# Working 19.5 hours a week.. Entitled to any social welfare too?



## kierank (14 Jan 2007)

Hi, 

I have been working whilst going to full-time college for the last couple of years. I have then worked full-time for the last few summers in the same job. however, this summer It is doubtful that any more than the 19.5 hours are available and i will also be finished college.. Im wondering am i entitled to claim any social welfare even though i am working part-time hours??

Thanks in advance!!


----------



## dave28 (14 Jan 2007)

*Re: Working 19.5 hours a week.. Entitled to any social welfare too??*

i think the criteria is that you are AVAILABLE for work for the rest of your week : for instance , if you work 3 hrs, 5 days per week , you wouldnt qualify for SW because you are unavailable all week.
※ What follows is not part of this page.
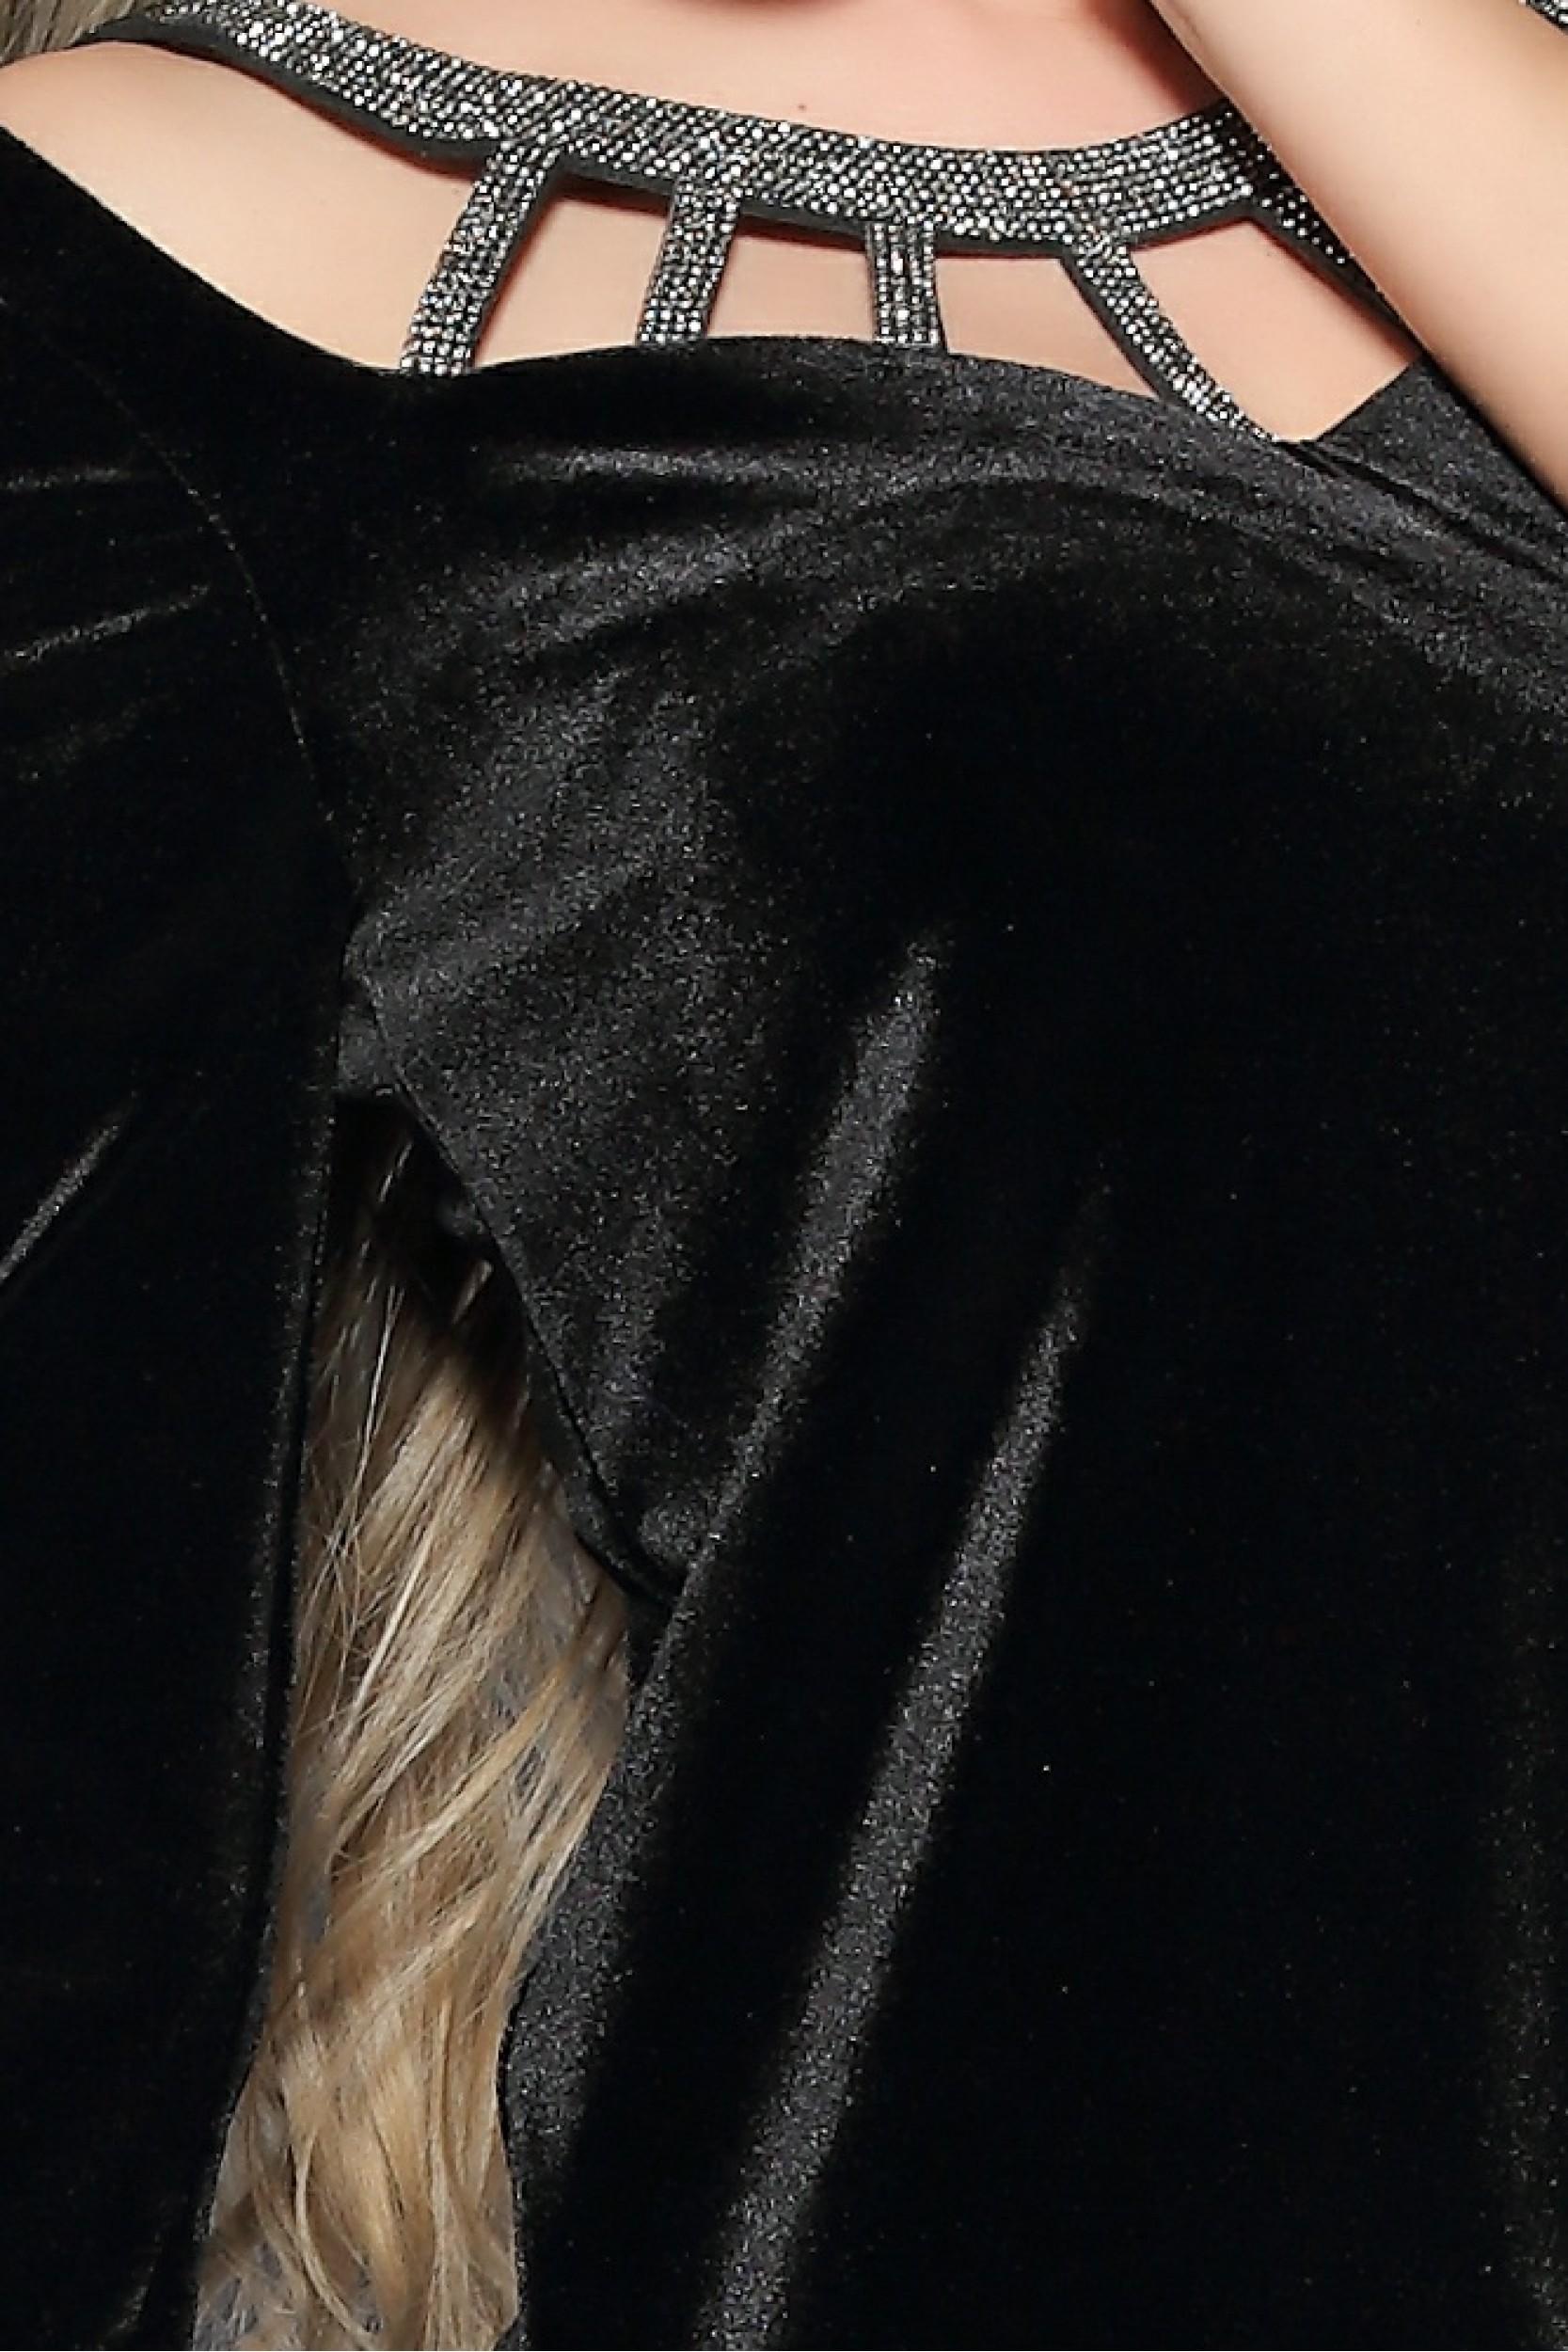 Rochie cu decupaje accesorizate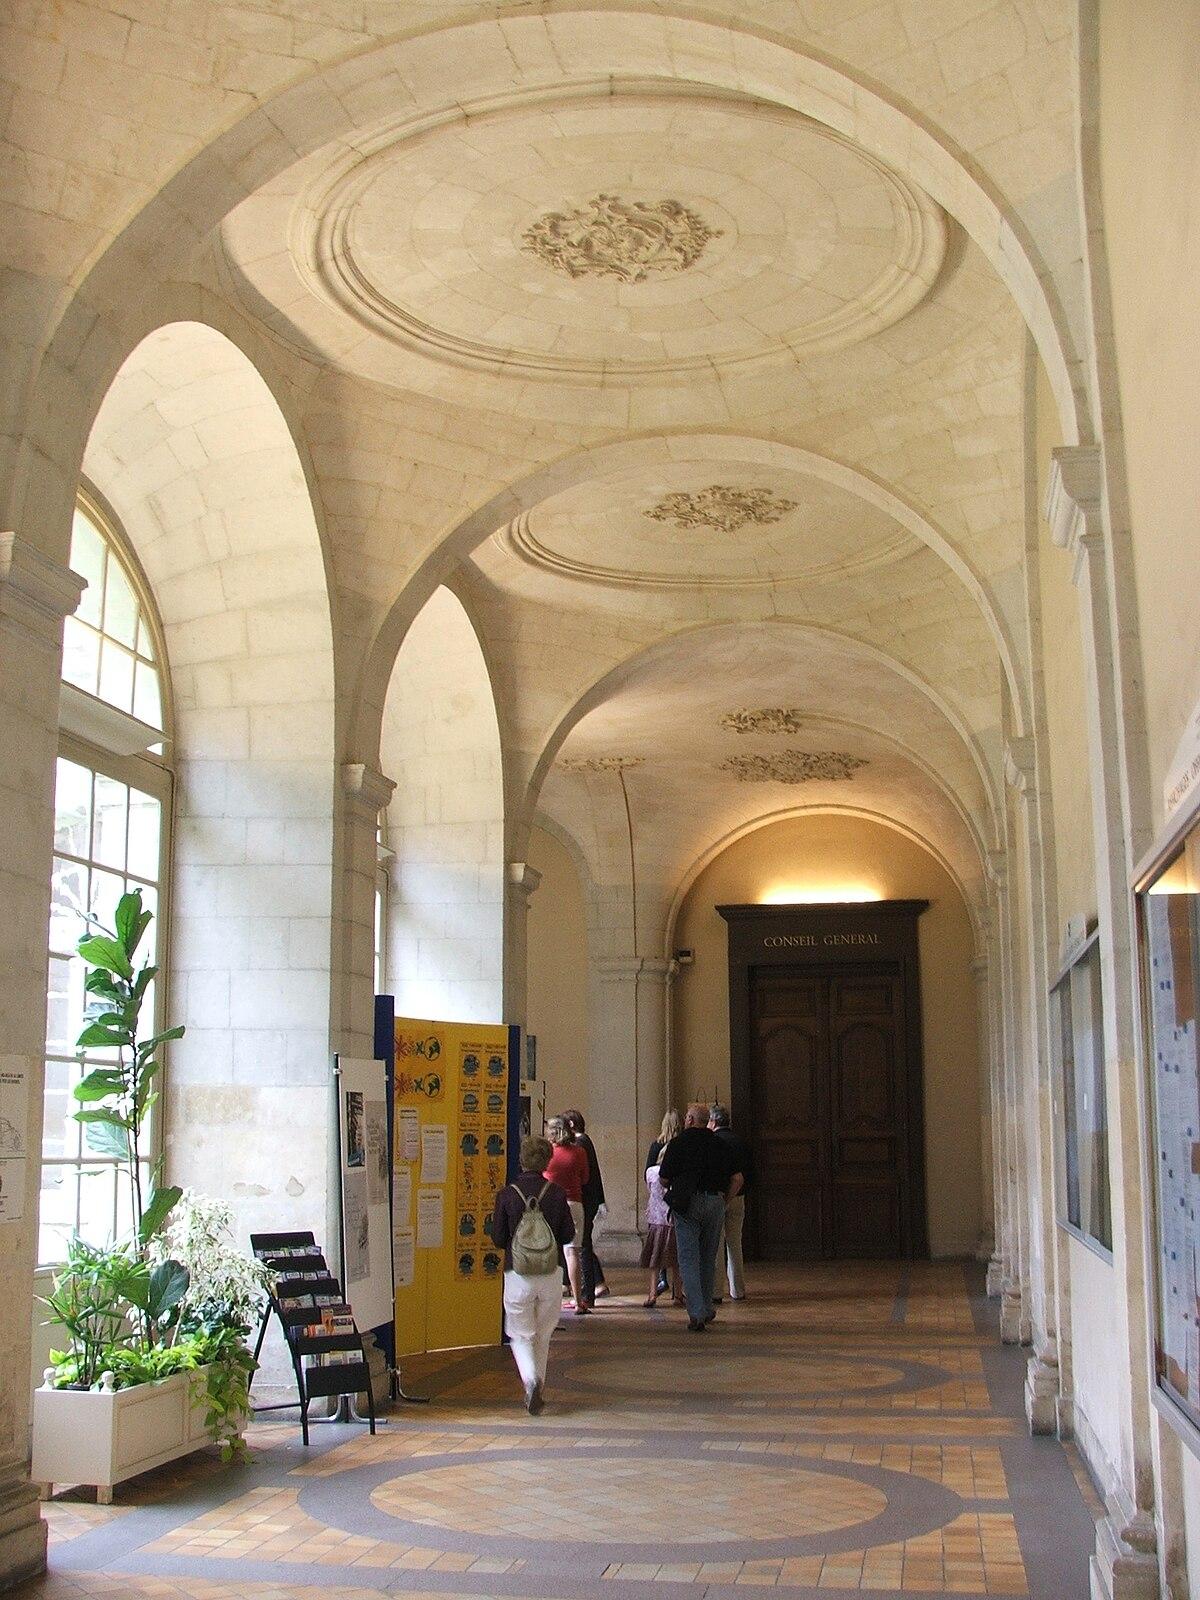 Saint-Pierre de la Couture Abbey - Wikipedia

However, if you work 2 - 3 days, you are available for the remainder of the week. I think im right but im not 100% certain


----------



## bond-007 (15 Jan 2007)

*Re: Working 19.5 hours a week.. Entitled to any social welfare too??*

That is correct dave28.


----------



## kierank (18 Jan 2007)

*Re: Working 19.5 hours a week.. Entitled to any social welfare too??*

Thanks guys.. I work 2 days a week 19.5 hours in total.. If there are no extra hours available for me to work as i am a job sharer and there is no full time positions available am i entitled to claim any supplementry welfare for the rest of the week??


----------



## gipimann (18 Jan 2007)

See the following from the guidelines on Jobseeker's Allowance/Jobseeker's Benefit taken from the Welfare website:

" A person is not regarded as unemployed in respect of any day on which s/he is working under a contract of employment (written or otherwise) or is in receipt of wages. For example, the following classes of persons would be considered to be not unemployed: 

permanent full-time teachers who receive payment in respect of school holidays
a person who is voluntarily job-sharing
a person who is on a career break (during the agreed period of the career break) "
So, if you're a job-sharer, technically you're employed for the full week and won't qualify for jobseeker's allowance or jobseeker's benefit.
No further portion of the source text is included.